The formation damage caused by drilling fluid invasion around the wellbore reduces well productivity and changes the reservoir's original characteristics. In this context, drilling fluids specifically designed to perforate pay-zone, known as reservoir drill-in fluids, have been studied to optimize the drilling process and minimize formation damage. This work aimed to evaluate the brine-polymer drill-in fluids rheological behavior, invasion profiles of fluids and formation damage in carbonate and sandstone samples. For this purpose, polymer solutions was prepared using natural (XG) or synthetic (HPAM) polymers, solid-free or including CaCO3 as bridging agent. Rheological and statistical analyses were performed. In addition, invasion lab tests at constant pressure, followed by oil backflow, were run to represent, respectively, the processes of an overbalanced drilling and a natural clean-up. The displacement tests were performed using carbonate and sandstone samples at connate water saturation and the results were compared. Through rheological evaluation and statistic analysis, the polymer and its concentration were confirmed as the main regulators of viscoelastic characteristics and consistency index for XG formulations, while the CaCO3 addition caused significant changes only on HPAM formulations. The data of flow dynamics on carbonate samples pointed out that the oil productivity ratio (PR) was more reduced using XG fluid than HPAM one. This behavior was attributed to the higher elastic characteristics and consistency index of the fluid with XG, which provides higher flow resistance. These results were more significant when the CaCO3 was added to the formulation, i.e., the formation of a filter-cake led to a complete reduction of PR. Comparing the influence of the rock matrix, HPAM fluids invasion was faster for the carbonate sample than for the sandstone one, possibly owing to differences in wettability and heterogeneity as mentioned in the literature. During the clean-up process, all samples showed oil permeability or productivity ratio restoration, but at different rates and cumulative oil volume flooding.
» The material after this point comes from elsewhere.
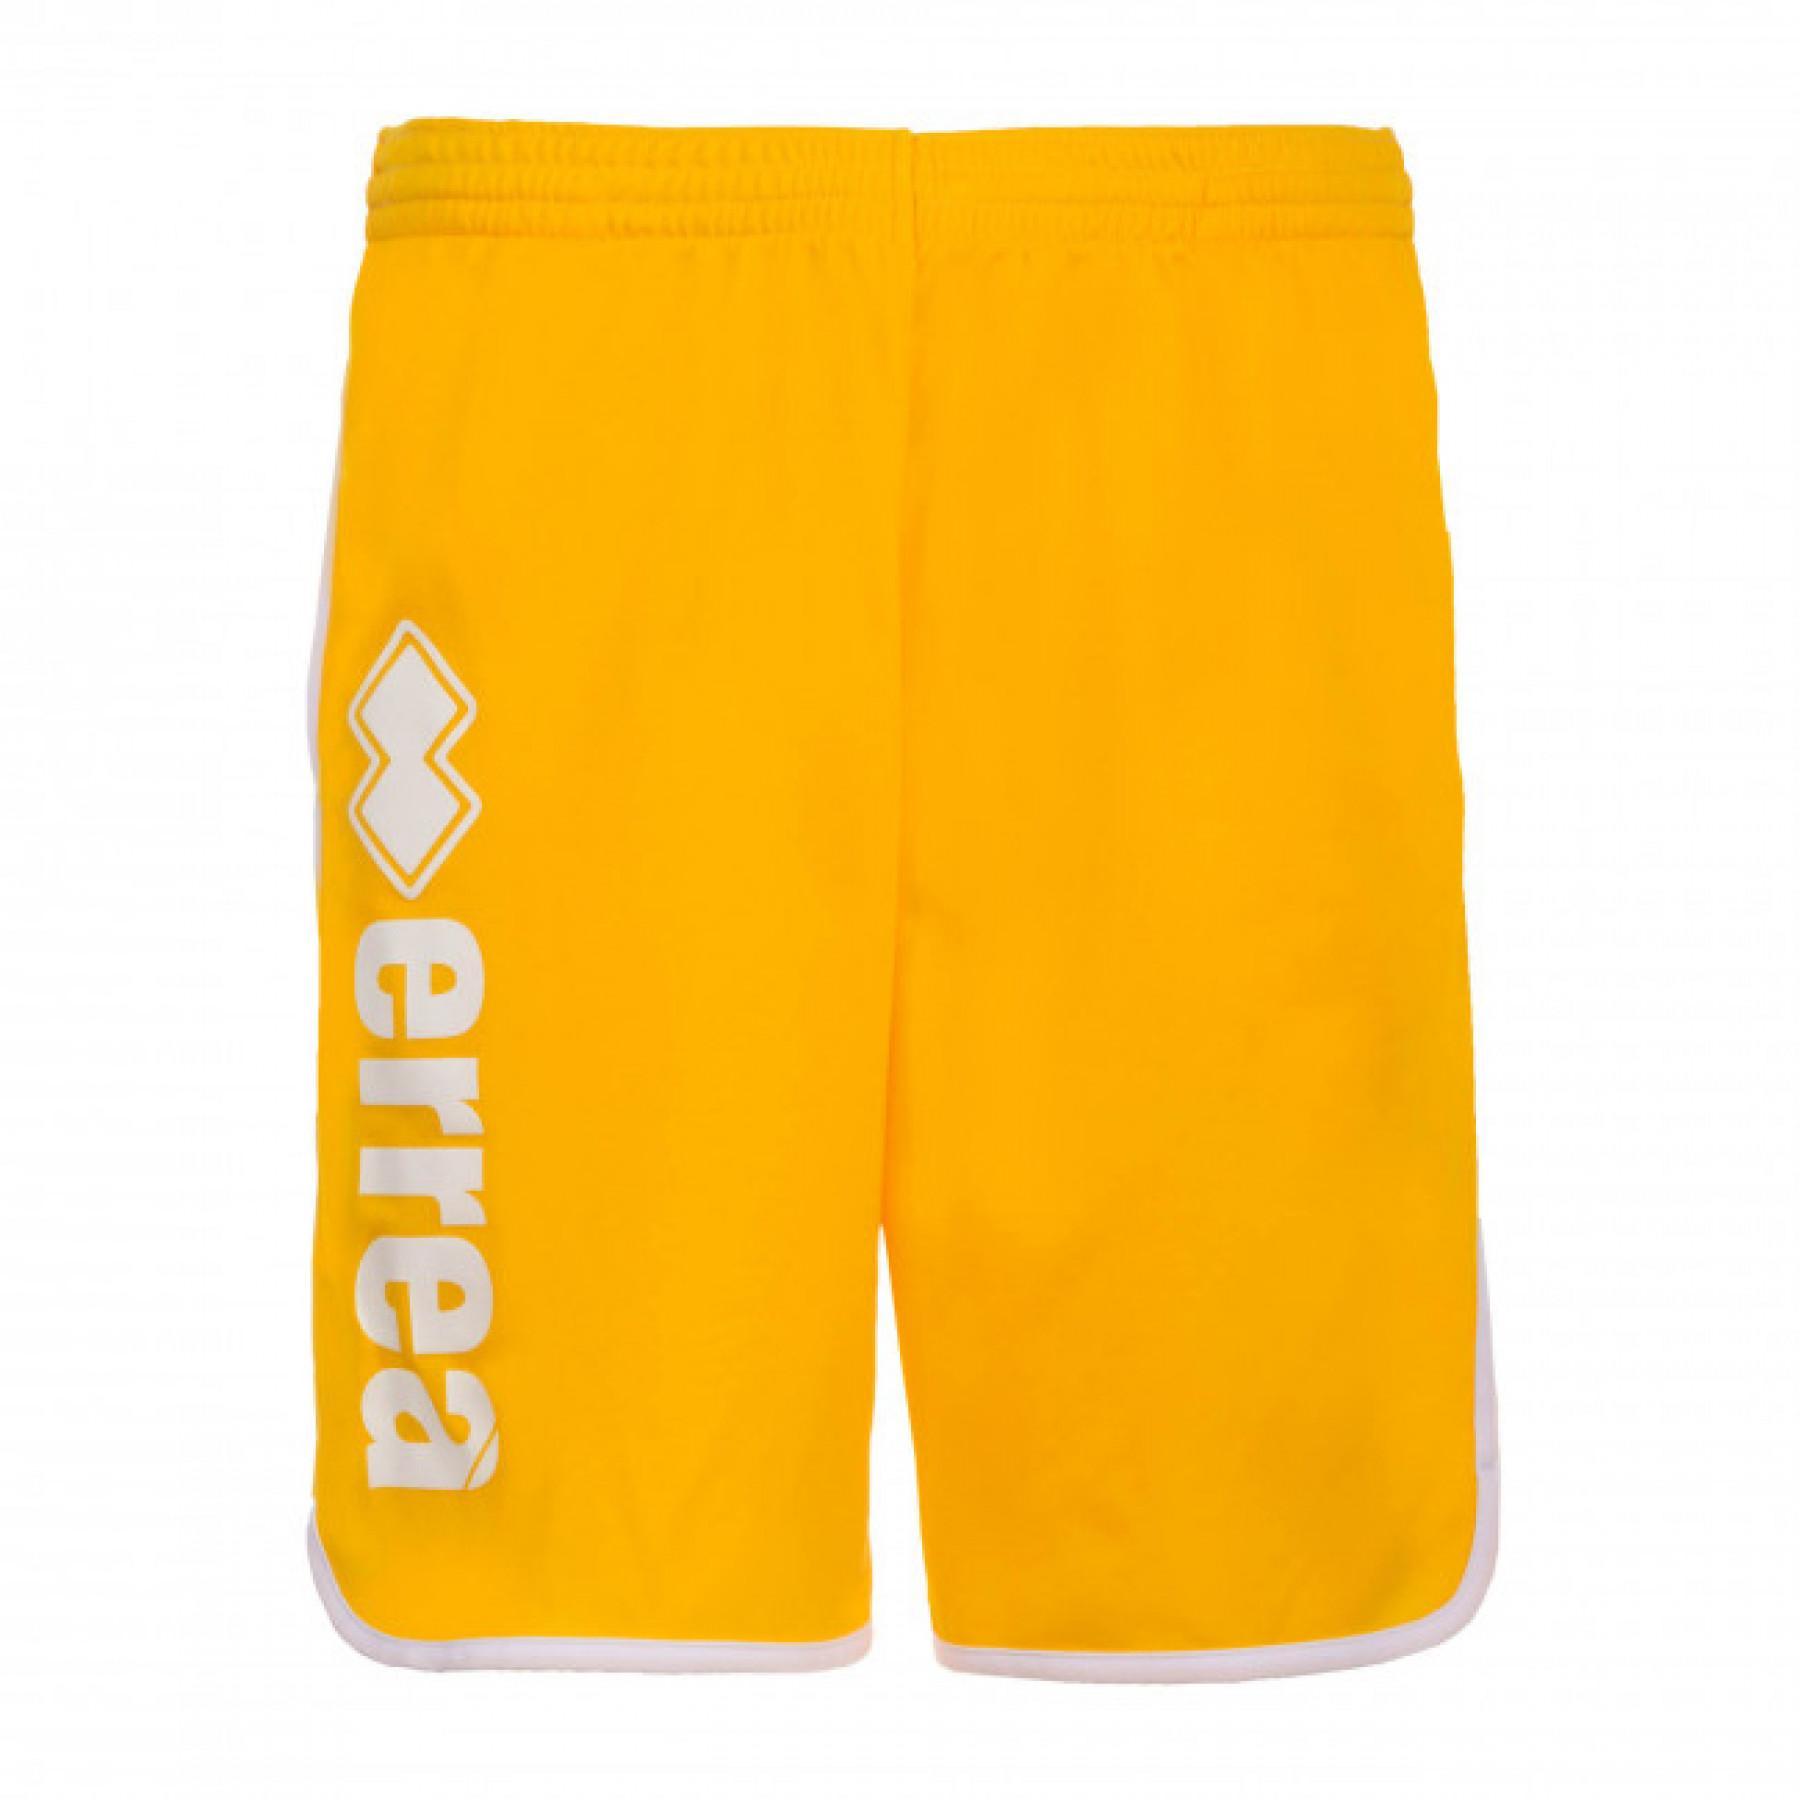 Bermuda shorts Errea essential

Fluids used in overbalanced drilling, where the pressure exerted by the fluid on the borehole is greater than the reservoir pore pressure, can invade the reservoir and promote the reduction of permeability of the pay-zone. This problem is called formation damage. This way, the development of specific fluid technology for drilling the reservoir, known as drill-in fluids, has been intensified with a view to minimize this problem, optimize the drilling and maintain the properties of the reservoir contacted.

Brine-polymer drill-in fluids may have high viscosity because their composition typically includes polymeric additives, which act as viscosity agents and filtered reducers, salts and bridging agents, which contributes to the formation of filter cake (Civan 2000, Cameron 2001, Martins et al. 2005, Queiroz Neto et al. 2007, Petri and Queiroz Neto, 2010, Li et al. 2011).

Given the characteristics that are assigned to the use of these fluids, this work aims to evaluate the rheological behavior of brine-polymer drill-in fluids with synthetic (partially hydrolyzed polyacrylamide - HPAM) and natural (xanthan gum - XG) polymer, whether or not containing bridging agents, in order to correlate the rheological characteristics observed to the analyses of invasion of these fluids in porous medium and their removal with backflow in sandstone and carbonate samples.